#### PROBLEM TO WORK ON
The answer must be only the lines below from the one holding "Long sleeve dress Navy" down to the one holding "wolken, Blau Konvektionswolken;", ends included, printed exactly; please omit all pictures.

#### DATA UNDER STUDY
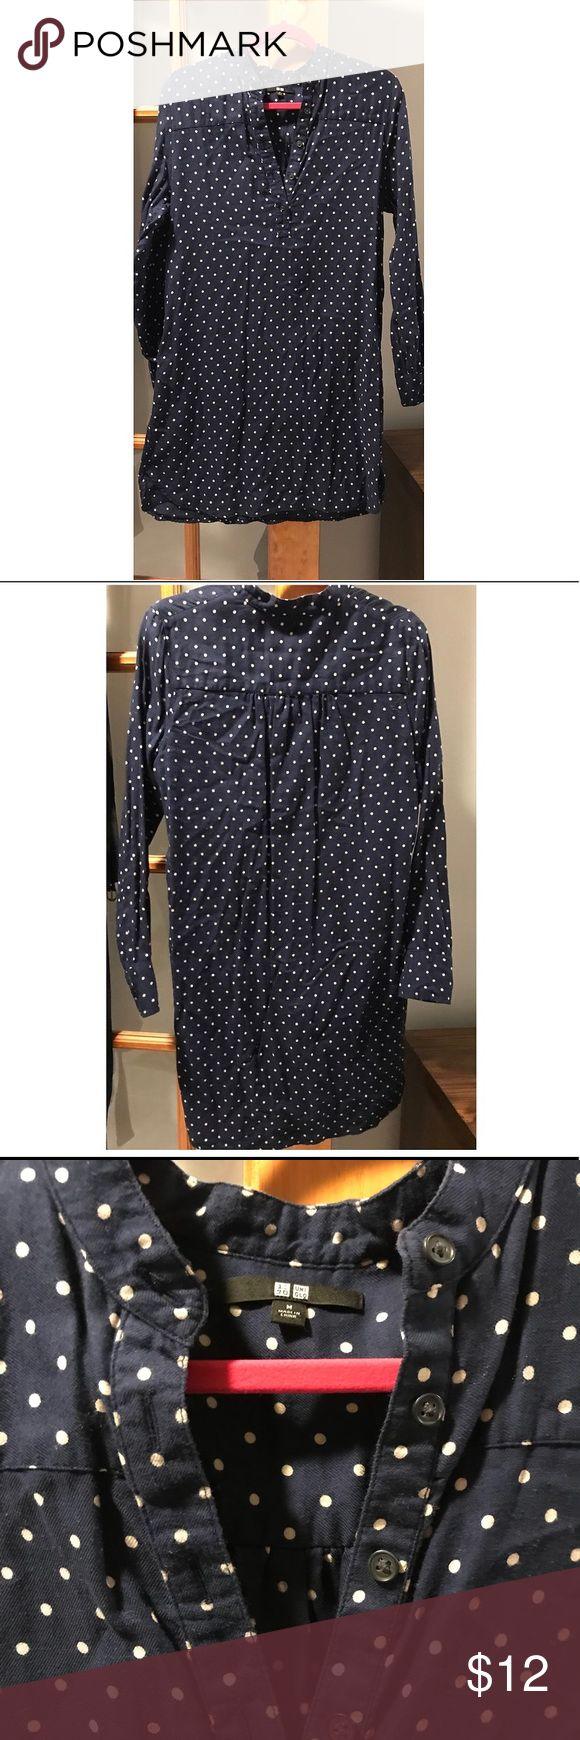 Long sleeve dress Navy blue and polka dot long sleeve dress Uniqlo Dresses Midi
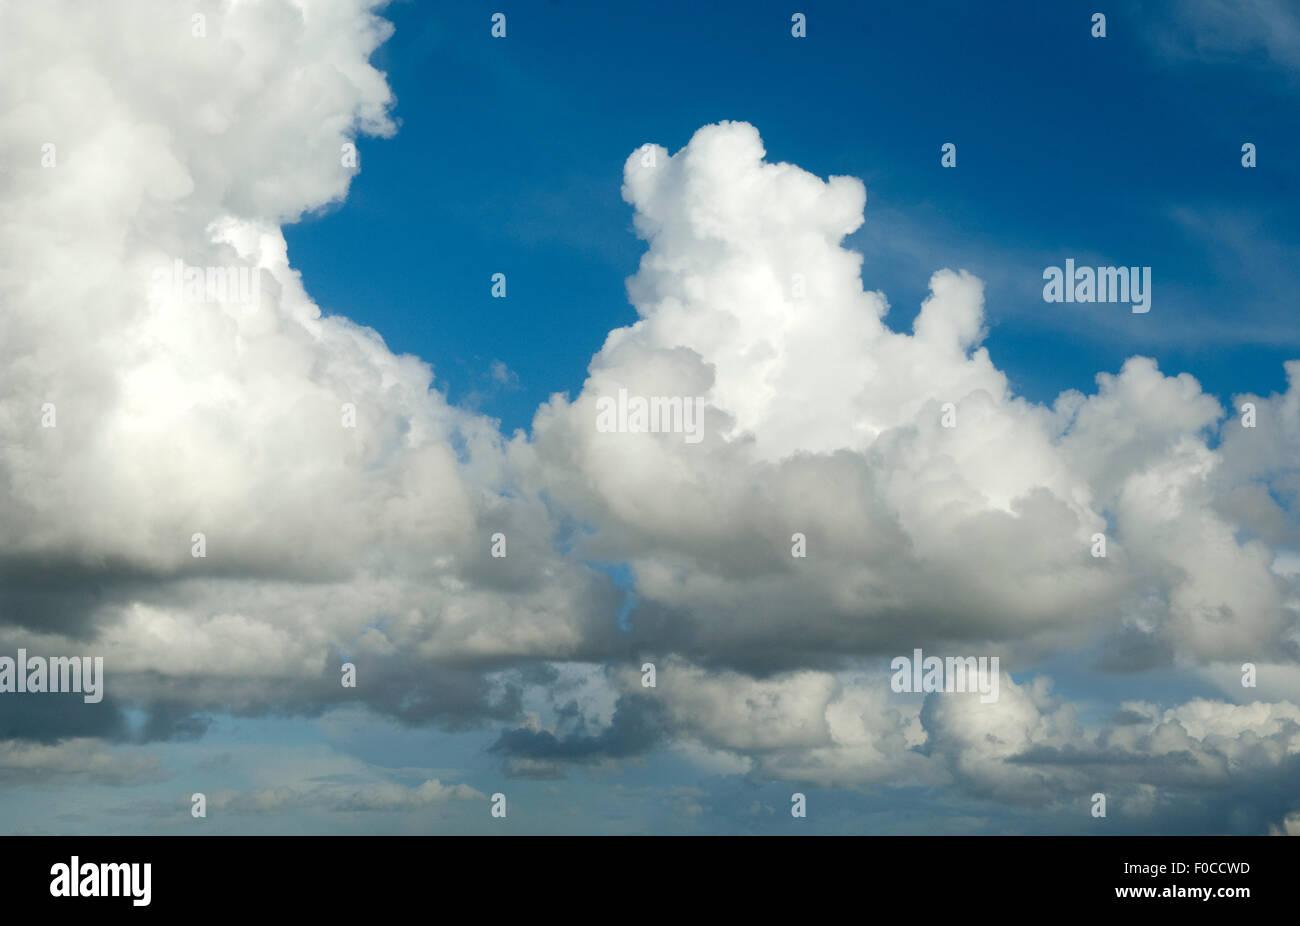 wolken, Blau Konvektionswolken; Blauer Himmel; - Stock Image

* * *

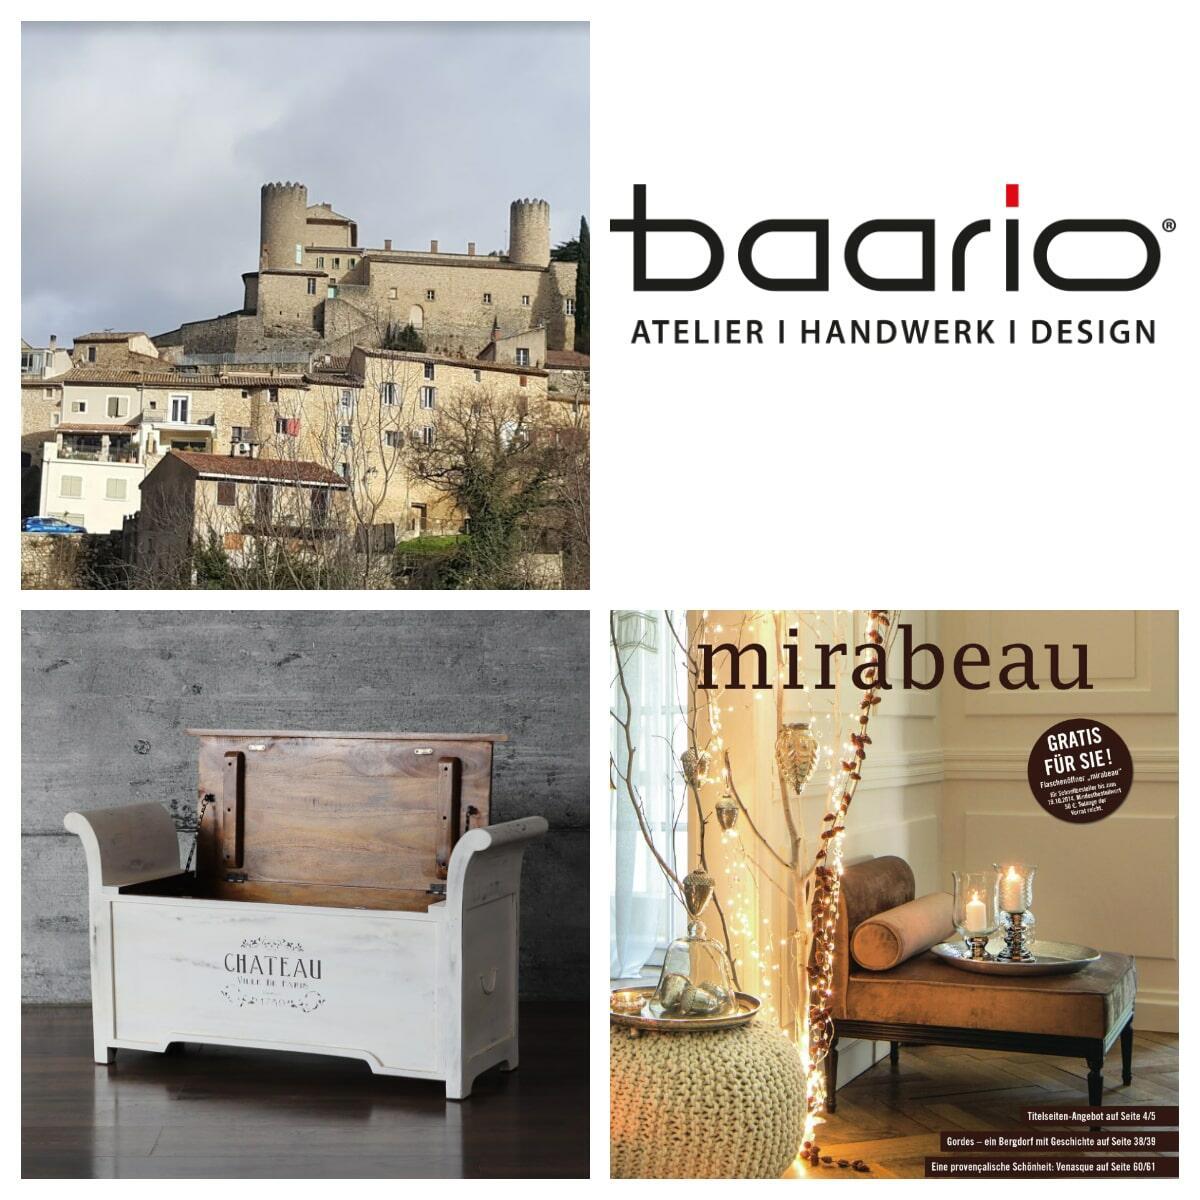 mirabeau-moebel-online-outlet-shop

* * *

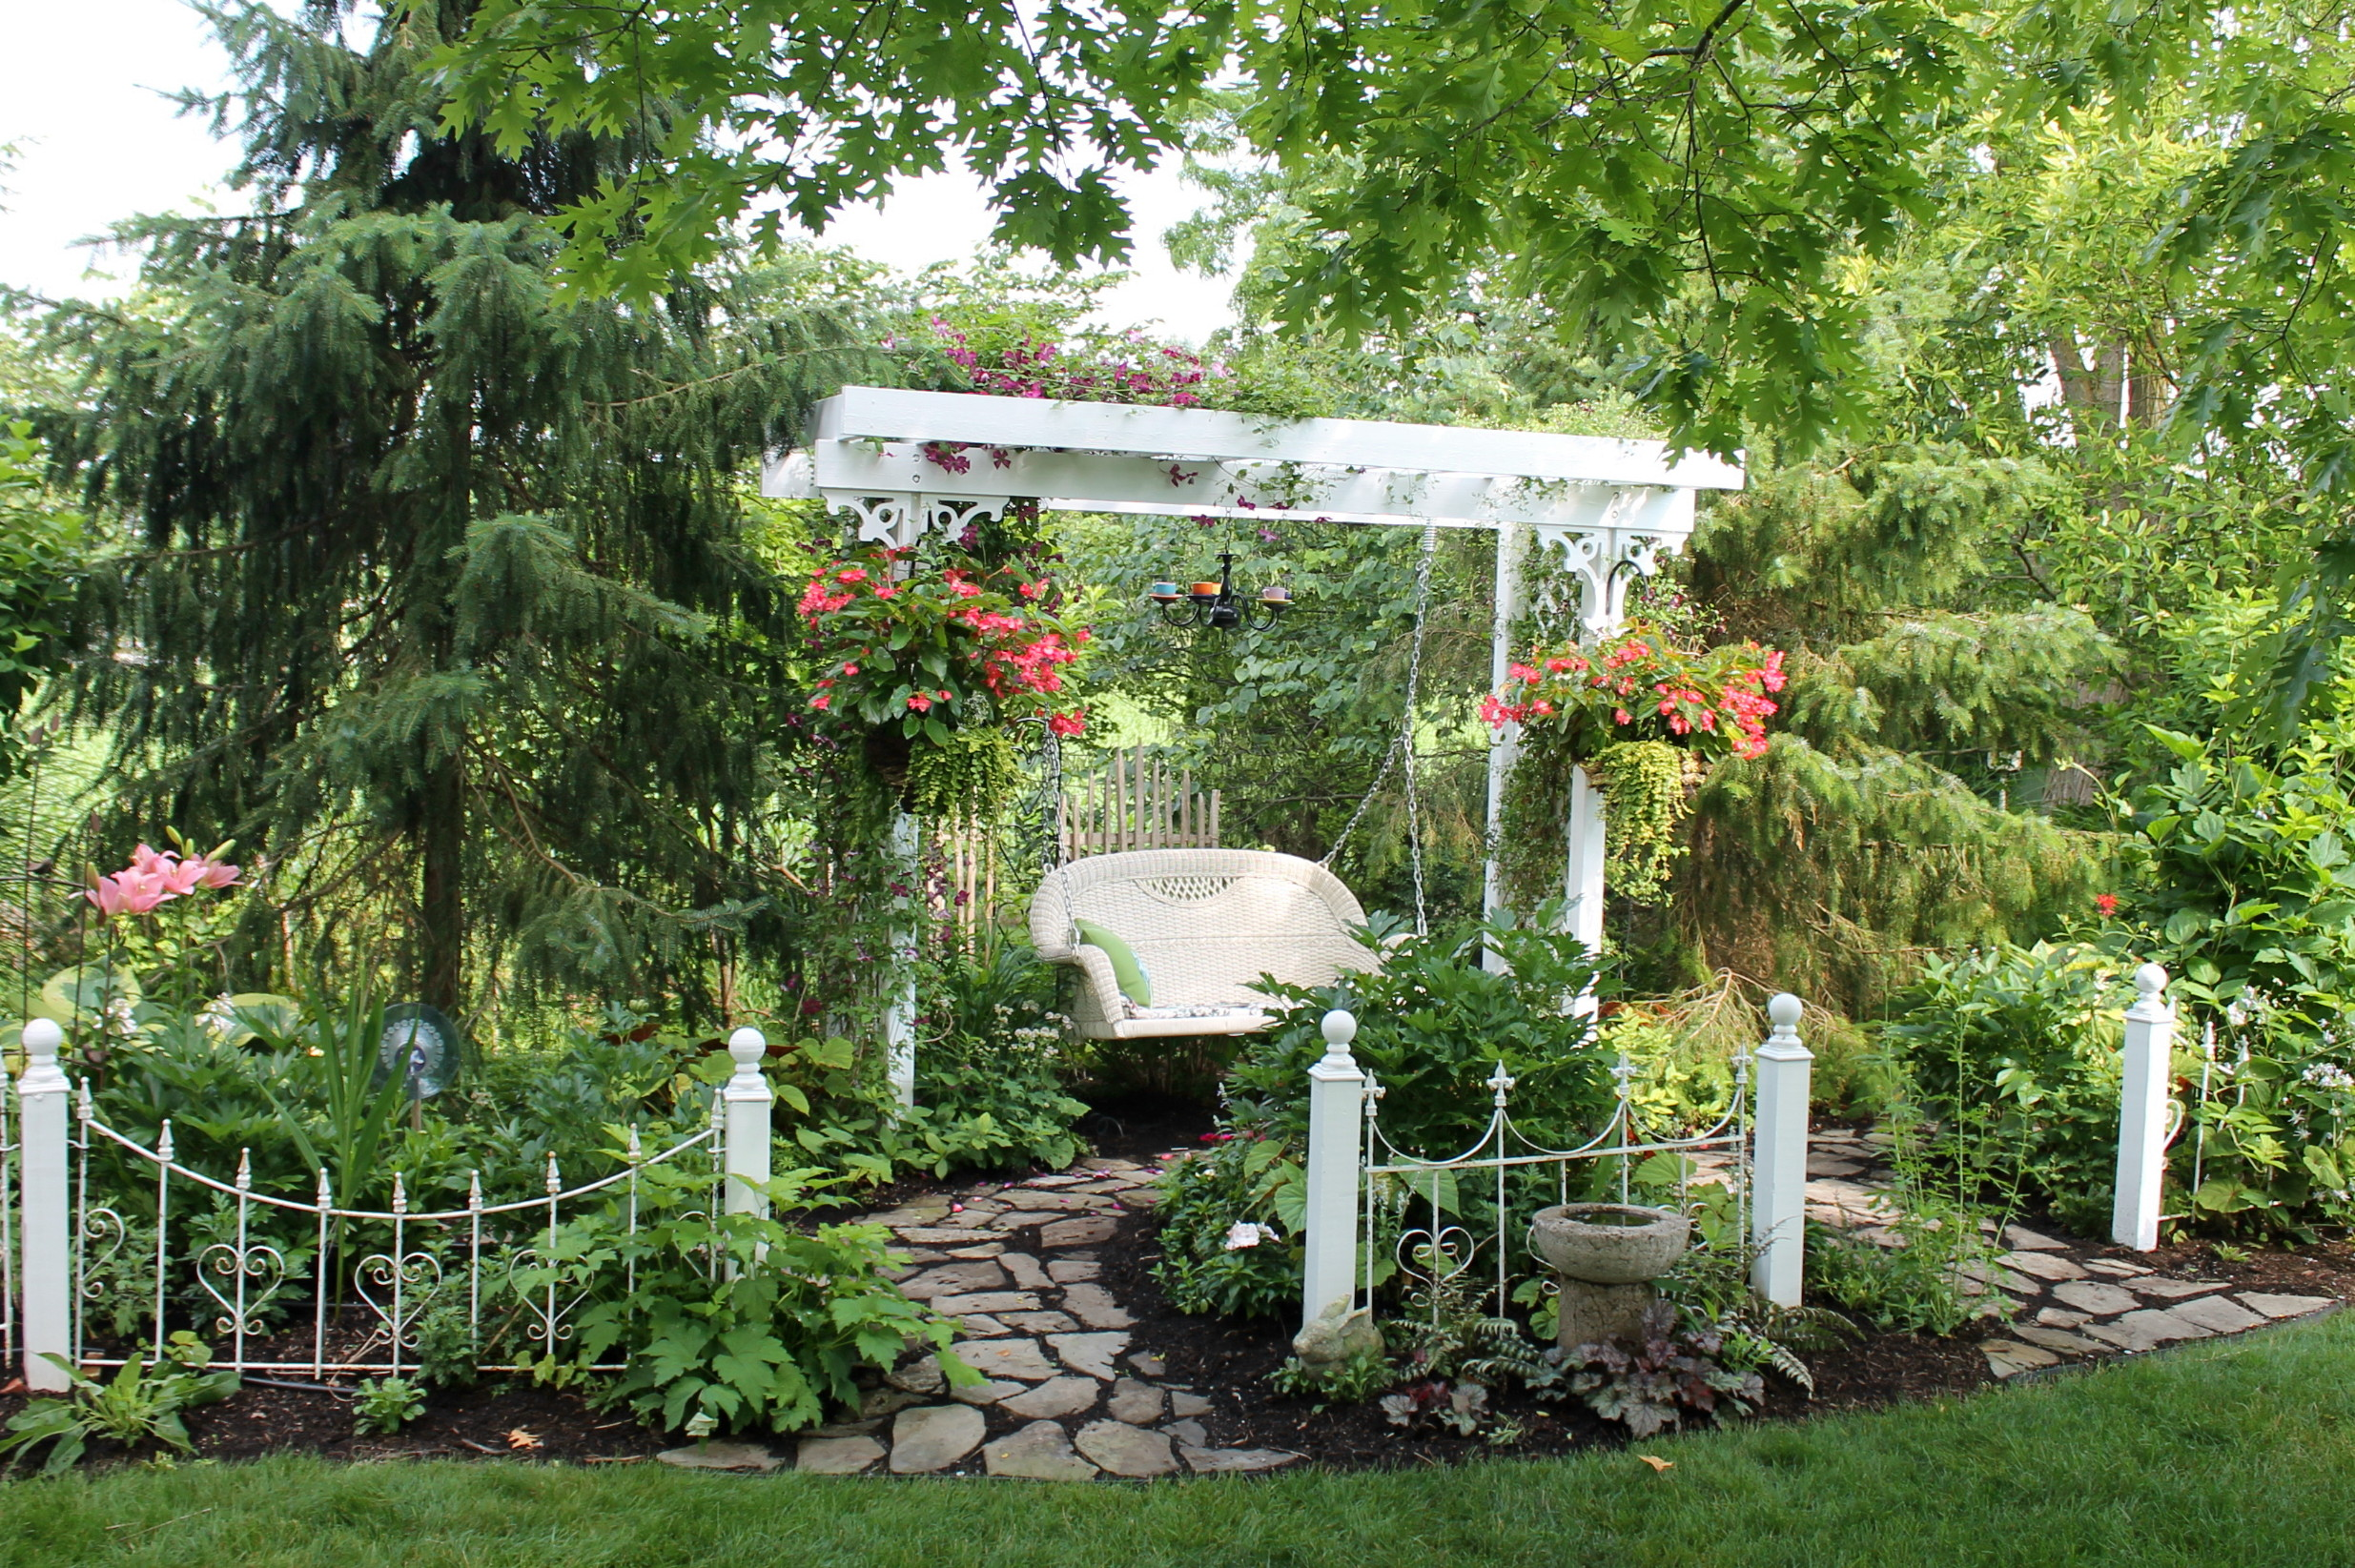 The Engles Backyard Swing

#### OUTPUT
 Long sleeve dress Navy blue and polka dot long sleeve dress Uniqlo Dresses Midi
 wolken, Blau Konvektionswolken; Blauer Himmel; - Stock Image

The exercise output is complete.